Zum Inhalt: Der amerikanische Dichter Allen Ginsberg fotografierte voller Leidenschaft – und so wie bekannte Street Photographer seiner Generation, etwa Lee Friedlander, Garry Winogrand, oder Robert Frank Bilder und Assoziationen ihres für sie sichtbaren Amerikas auf eigene ästhetische Weise sammelten, ist Ginsbergs berühmtes Gedicht Howl voll von einer Masse von Assoziationen, schwer und leicht zu entziffernden privaten und universellen Hinweisen, Momentaufnahmen der Wahrnehmung. Robert Frank veröffentlichte fast zeitgleich zu Howl sein Fotobuch Die Amerikaner und veränderte damit nicht nur den Lauf der Fotografie des 20. Jahrhunderts, sondern ebenso den Blick auf Amerika.
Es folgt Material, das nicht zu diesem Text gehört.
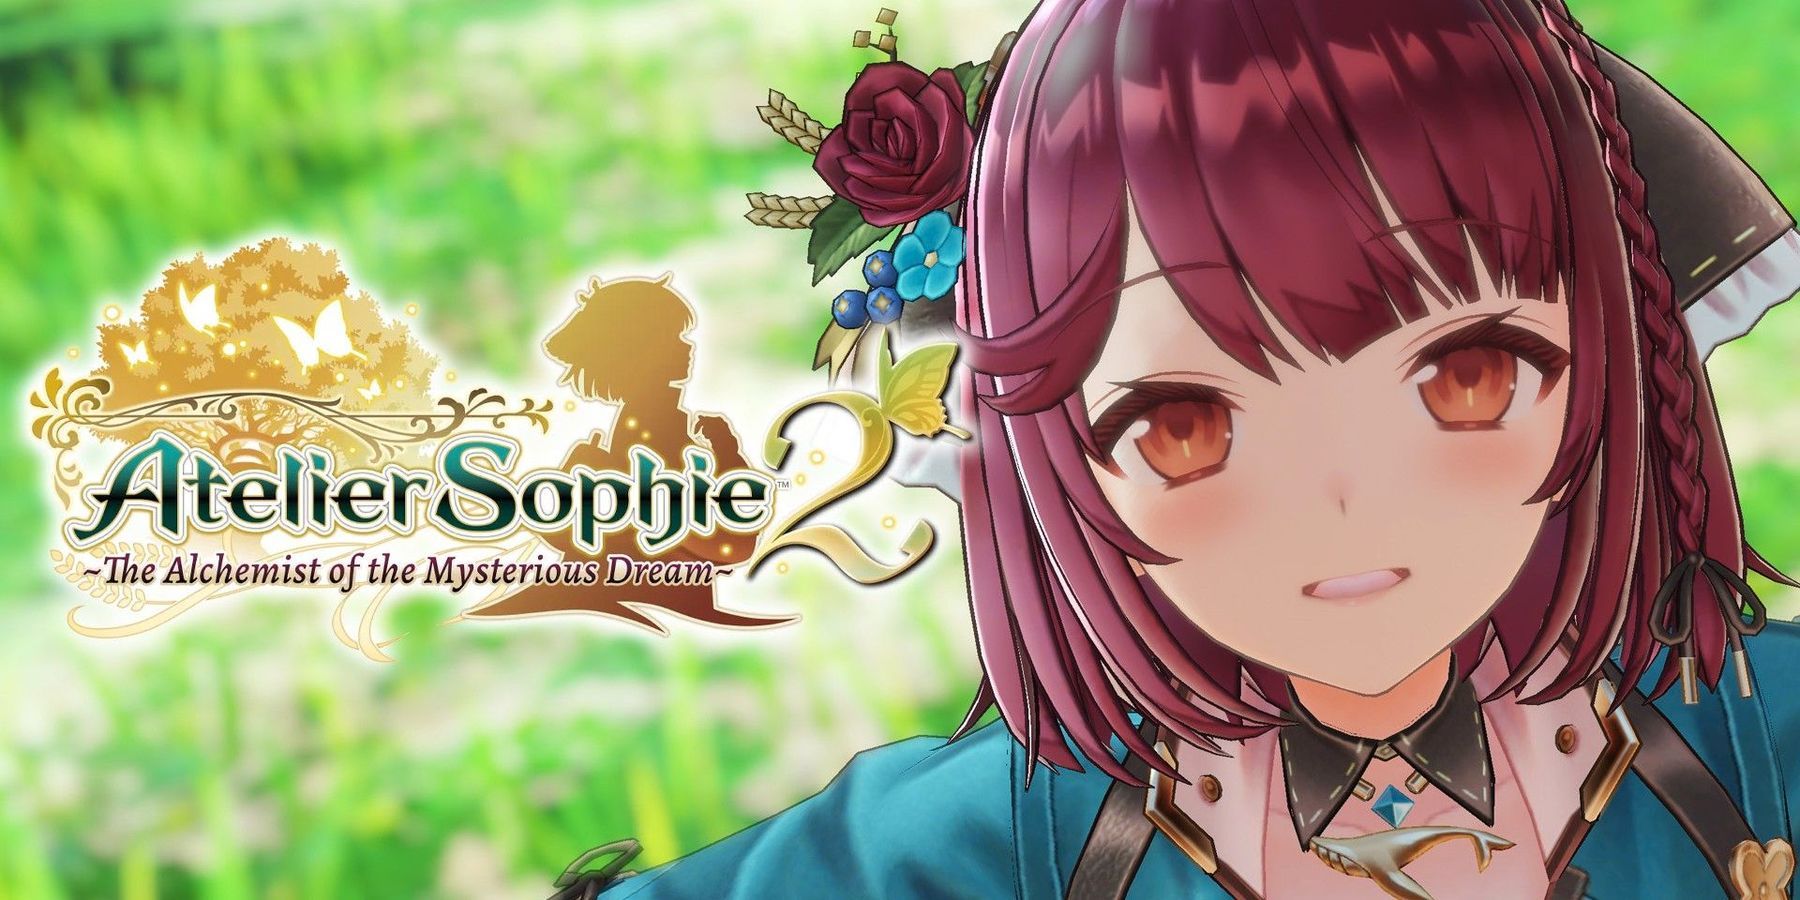 Atelier Sophie 2 annunciato ufficialmente da Koei Tecmo con l’uscita di febbraio 2022

Frank schaute, in seinen 1955/1956 aufgenommenen Bildern, unter die Oberfläche des amerikanischen Lebens, porträtierte ein von Rassismus geplagtes Volk, das von seinen Politikern missbilligt wurde und durch eine zunehmende Konsumkultur vollkommen zu erstarren scheint. An den Rändern des amerikanischen Lebens wurde eine neuartige Schönheit sichtbar und Franks intuitiver Stil machte sein Buch zu einem kraftvollen und provokativen Gedicht.
Mit: Hassan Akkouch, Hendrik Arnst, Thorbjörn Björnsson, Paul Brody, Jan Czajkowski, Jill Emerson, Marie Goyette, Silvia Rieger, Sarah Maria Sander, Sir Henry, Theo Trebs, Yuka Yanagihara
Regie: David Marton Bühne: Christian Friedländer Kostüme: Tabea Braun Choreografie: Jill Emerson Licht: Henning Streck Dramaturgie: Peggy Mädler, Henning Nass
Drei Klaviere und ein Cembalo liefern den hypnotisierenden Sound
5 Jahre her.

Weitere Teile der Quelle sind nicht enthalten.